Wednesday, September 9, 2009

Walking In The Woods

I clear my mind before entering. My chest fills to the breaking point with air, my belly extends. In and out. In and out. The car is the known space, and I sit still for a little while, looking into the world of green. Time to move.

My right foot hits the earth, then the heel of the left. On and on I move, my feet in rhythm, my arms following. My breath moving. I reach up to push some hair out of my eyes with my right hand, I look over to my right. There are some red silk flowers on the lawn. Close by are other faded objects of sadness, left for one who might never see. Everything is cultivated and sculpted, “control” is the word that comes to mind. Beyond the small fence is all chaotic earth and woods. Completely wild, exploding in sex and death and birth and decomposition.
My feet take me through the boundary between the known and the wild. I enter another kingdom and I am home. Only it is different. And I am different. And I have never left. And I have changed, and it has changed and we are both the same.
Here, the rational is buried. Here, the birds know how to build nests and crickets don’t have to be taught what to eat. The mind is not needed. Language does not bend the branches to its will, it all moves, no good or evil, no sentimentality. Here, we move as we must and here, I shed my skin.

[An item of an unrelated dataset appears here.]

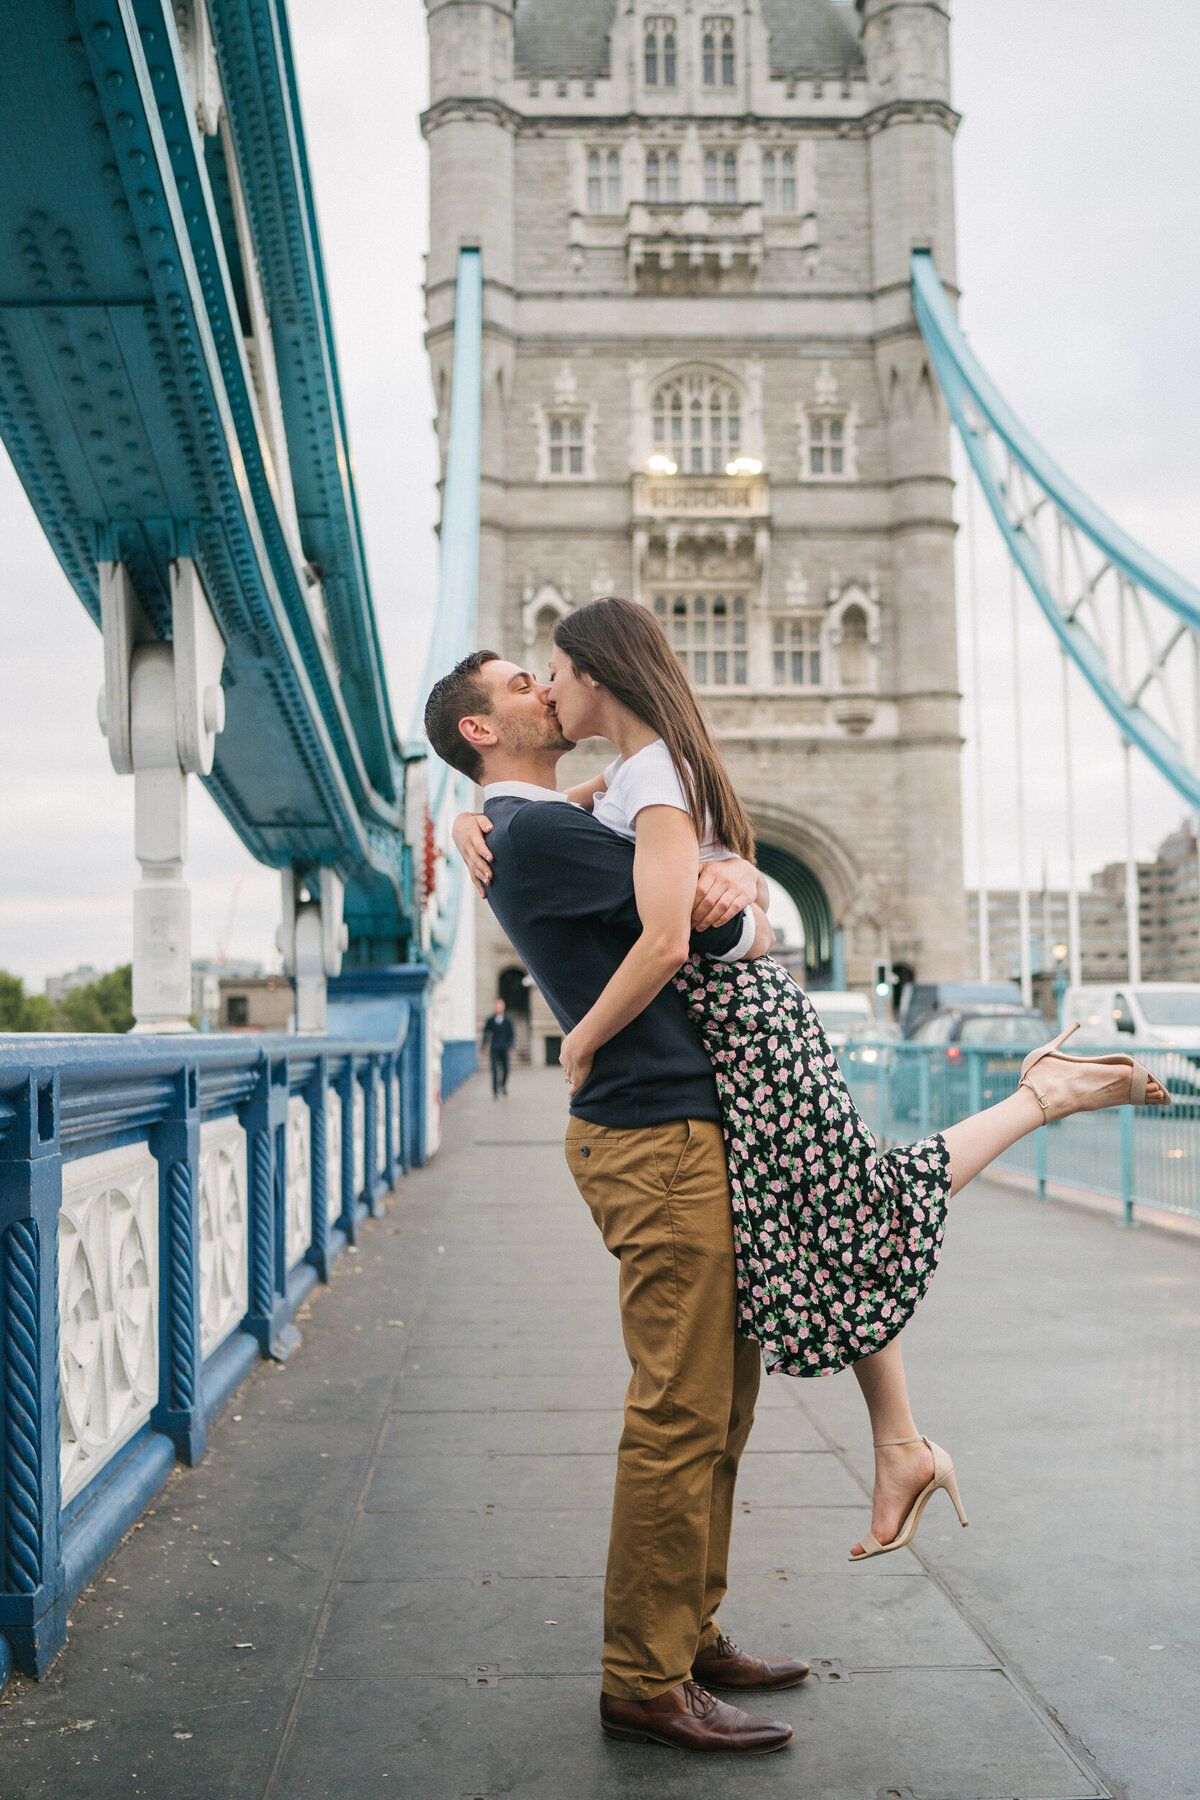 relaxed and natural london wedding photographer-12

It has all changed so dramatically. The river is smaller, the weeds that line the muddy bank are taller. I walk through the same woods, yet different woods, new trees, new birds, new water and leaves. It is the same place, on the same patch of earth, but it is all new, just as every moment we burst and are born again. There are new creatures that scamper and fly and burrow. A new body that has brought me here and takes me through the thicket of green and brown.

I want to follow the creek.

I hear birds up in the leaves like hidden wind chimes. Calming the air are crickets or cicadas. Their intuitive noise slows me down even more. My right foot takes a step forward, my left foot rises and hits the earth. My right hand scratches my thigh.

I walk a little deeper. Just the woods in all directions. Life without language, life without a structure of concrete morals or rationality. In these wooden arms, in this body of green and brown and sex and life and death, everything is new and everything is old. Everything is here, present and eternal. Here, beyond the edge.